Portable Techniques to Find Effective Memory Hierarchy Parameters
Cooper, Keith D.
Application performance on modern microprocessors depends heavily on performance related characteristics of the underlying architecture. To achieve the best performance, an application must be tuned to both the target-processor family and, in many cases, to the specific model, as memory-hierarchy parameters vary in important ways between models. Manual tuning is too inefficient to be practical; we need compilers that perform model-specific tuning automatically. To make such tuning practical, we need techniques that can automatically discern the critical performance parameters of a new computer system. While some of these parameters can be found in manuals, many of them cannot. To further complicate matters, compiler-based optimization should target the system’s behavior rather than its hardware limits. Effective cache capacities, in particular, can be smaller than the hardware limits for a number of reasons, such as sharing between cores or between instruction and data caches.

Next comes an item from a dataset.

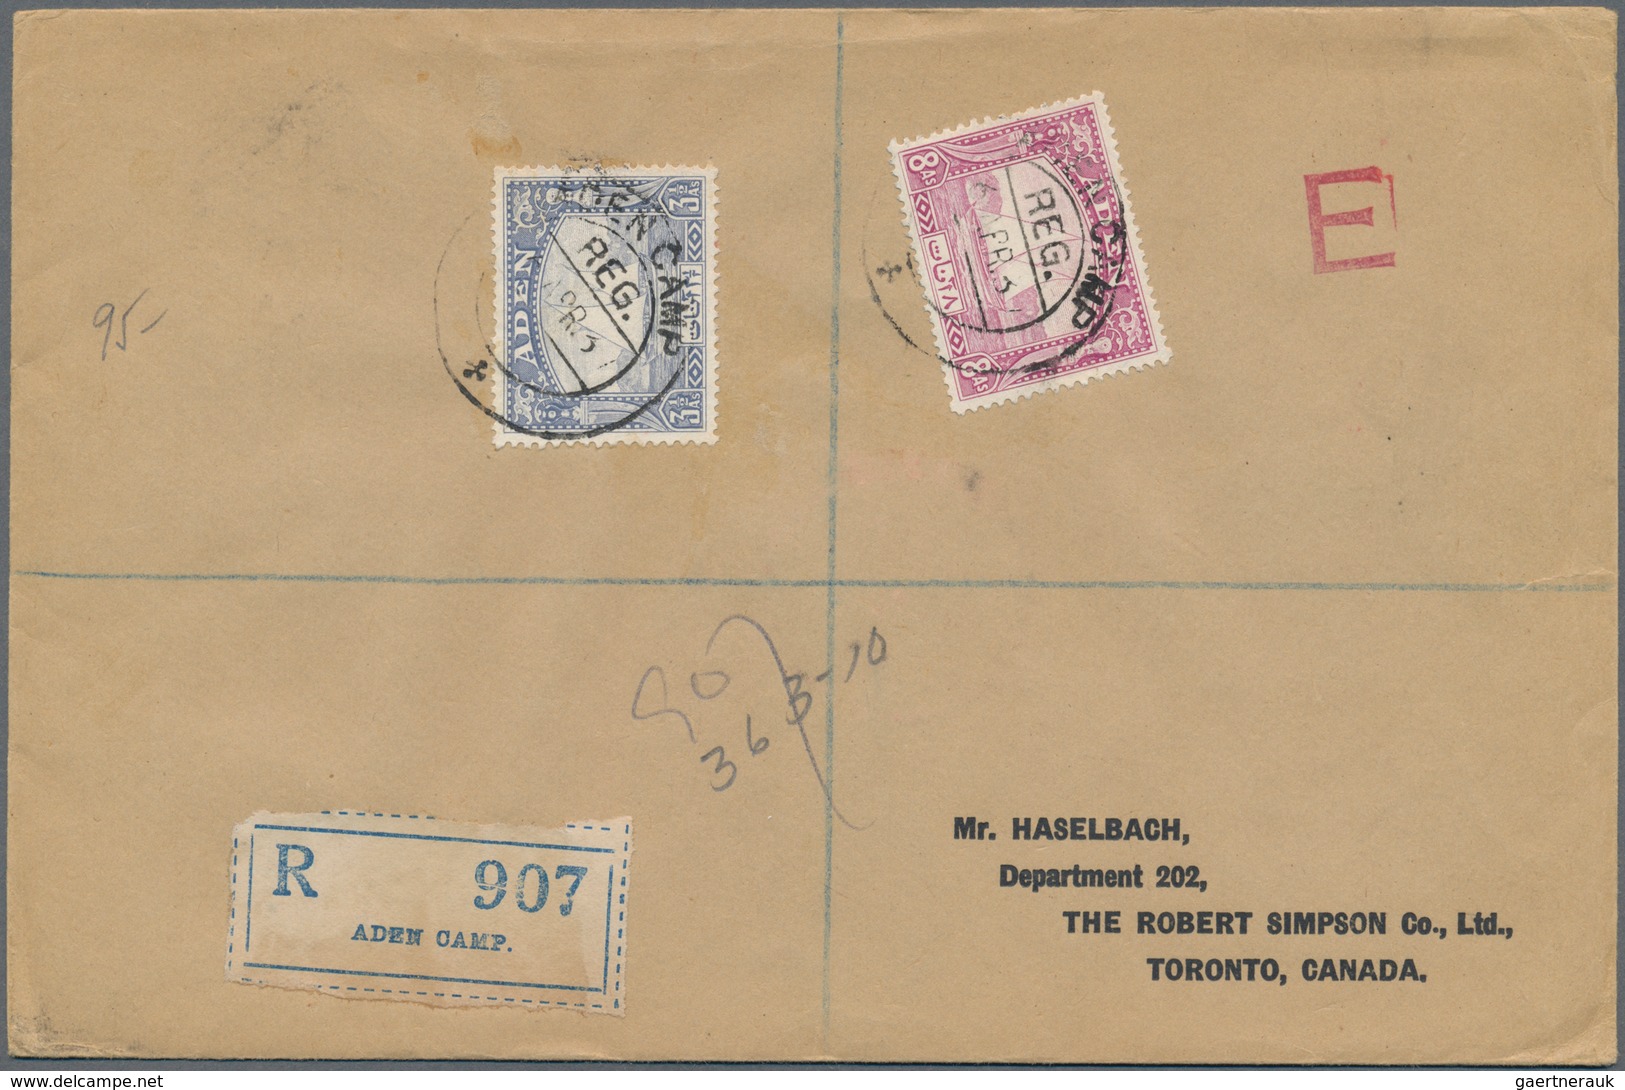 08005 Aden: 1937 Registered Cover From Aden-Camp To Toronto, CANADA Franked By Dhows 3½a. And 8a. Tied By - Yemen

Physical address mapping can also reduce the effective cache capacity. To address these challenges, we have developed a suite of portable tools that derive many of the effective parameters of the memory hierarchy. Our work builds on a long line of prior art that uses micro-benchmarks to analyze the memory system. We separate the design of a reference string that elicits a specific behavior from the analysis that interprets that behavior. We present a novel set of reference strings and a new robust approach to analyzing the results. We present experimental validation on a collection of 20 processors.